До сих пор многие феминистки и другие критики повторяют вслед за Мьюиром, что «Властелин колец» — это «книга для мальчишек». Ничего подобного! В действительности, поклонники «Властелина колец» превосходят в разнообразии читателей большинства других книг, написанных за последние несколько десятилетий. Статистика показывает, что женщины читают его наравне с мужчинами, а девочки — наравне с мальчиками. Писатель Эндрю Николдс так вспоминает о своём первом знакомстве с «Властелином колец», состоявшемся ещё в семидесятые: «Пройдёшься вверх по эскалатору [на Северной линии лондонского метро] — а там с правой стороны вечно стоят девчонки и у каждой в руке раскрытый ‘Властелин колец’»[187].
Всеобщий шок сменился подозрениями. В какой-то радиопередаче критик Марк Лоусон намекнул, что данные опросов были подтасованы, и отчаявшиеся ненавистники Толкиена вцепились в эту соломинку. Оказалось, во всём виноваты интернет и «стада толкиенутых капюшонников»[188].
В попытке отстоять свою правоту «literati» из «Дейли телеграф» решили организовать свой опрос, участникам которого предлагалось назвать любимую книгу и любимого писателя. Любимой книгой у большинства оказался «Властелин колец», а любимым писателем — Толкиен. Эти «новые» результаты подлили масла в огонь, и на устроителей опроса вновь посыпались обвинения в нечестности, но теперь уже не столь громогласные. Два месяца спустя общество «Фолио» провело ещё один опрос исключительно среди своих пятидесяти тысяч членов. В голосовании приняло участие десять тысяч человек. Из них 3270 отдали свой голос «Властелину колец» Толкиена. Второе место заняла Джейн Остин («Гордость и предубеждение», 3212 голосов), а третье — «Дэвид Копперфилд», собравший 3070 голосов.
После этого критики в большинстве своём смущённо умолкли, но закалённая Джермина Грир продолжала бушевать: «С тех пор, как я приехала учиться в Кембридж в 1964 году и наткнулась на целый выводок совершенно взрослых женщин, которые носили платья с рукавами-‘фонариками’, тискали плюшевых мишек и возбуждённо лепетали что-то о приключениях хоббитов, меня стала преследовать кошмарная мысль: что, если Толкиен окажется самым влиятельным писателем двадцатого века? И вот кошмар обернулся явью. Во главе списка, под гордым именем книги столетия, стоит ‘Властелин колец’. Самый ненастоящий в мире роман. В большинстве романов действие разворачивается в каком-нибудь узнаваемом месте и в узнаваемое время; Толкиен выдумывает эпоху, выдумывает место и населяет его целой расой выдуманных существ»[189].

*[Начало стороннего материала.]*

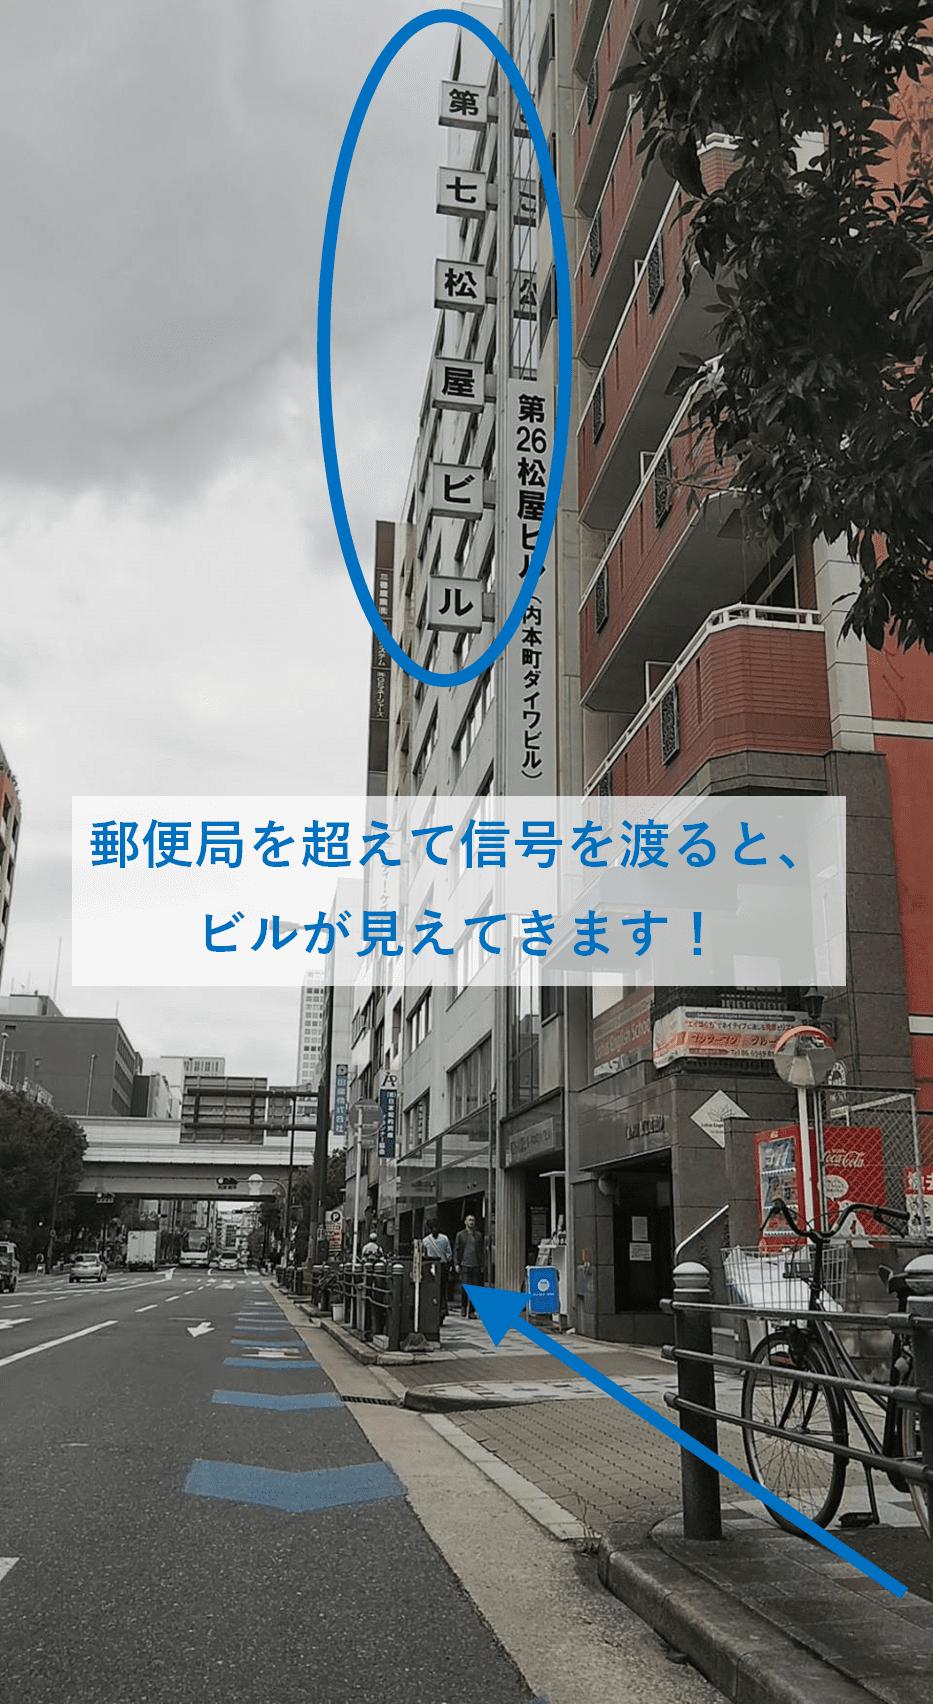 谷町四丁目駅から行政書士ロイヤル総合事務所までの道案内(7)

Почему же Толкиен вызывает такую неприязнь у людей, считающих себя знатоками литературы? Быть может, на то имеются какие-то скрытые причины?
И вот в чём, пожалуй, самая большая загадка: что плохого в том, что писатель творит вымышленный мир — «выдумывает эпоху, выдумывает место и населяет его целой расой выдуманных существ»? Кто сказал, что так поступать нельзя? Почему романист не вправе писать о выдуманных вещах? Ведь одна из задач романиста в том и состоит, чтобы ввести читателя в некую иную реальность, — иначе книга будет уже не художественной, а документальной. Даже в самых, образно выражаясь, прозаических художественных произведениях описывается не наша, а некая альтернативная действительность. Кто поставил предел, дальше которого фантазия писателя простираться не может?
Среди собратьев Толкиена по перу книги его всегда оставались немодными. Его современники, писатели вроде Эдмунда Уилсона (интересно, кто его сейчас читает?), предпочитали иметь дело с так называемыми глубокими человеческими чувствами; они всячески подчёркивали, что пишут о «реальных вещах», исследуют человеческую жизнь и помогают читателям лучше понять её. Таким образом, то, что Джермина Грир или Марк Лоусон согласились бы счесть «настоящей литературой», — это книги, посвящённые тому, что они считают важным: нравственным ценностям, природе человека или, на худой конец, таким проблемам-«однодневкам», как спорные вопросы политики или религии. Конечно же, на эти темы написано множество прекрасных, талантливых и гениальных книг; но с точки зрения современного литературного критика, писать обо всём этом можно лишь в определённой манере, диапазон которой весьма и весьма ограничен. И большинство критиков отказываются признать, что «Властелин колец» и «Сильмариллион» Толкиена посвящены именно этим темам. Ведь они написаны не в той манере, которую критики считают единственно правильной!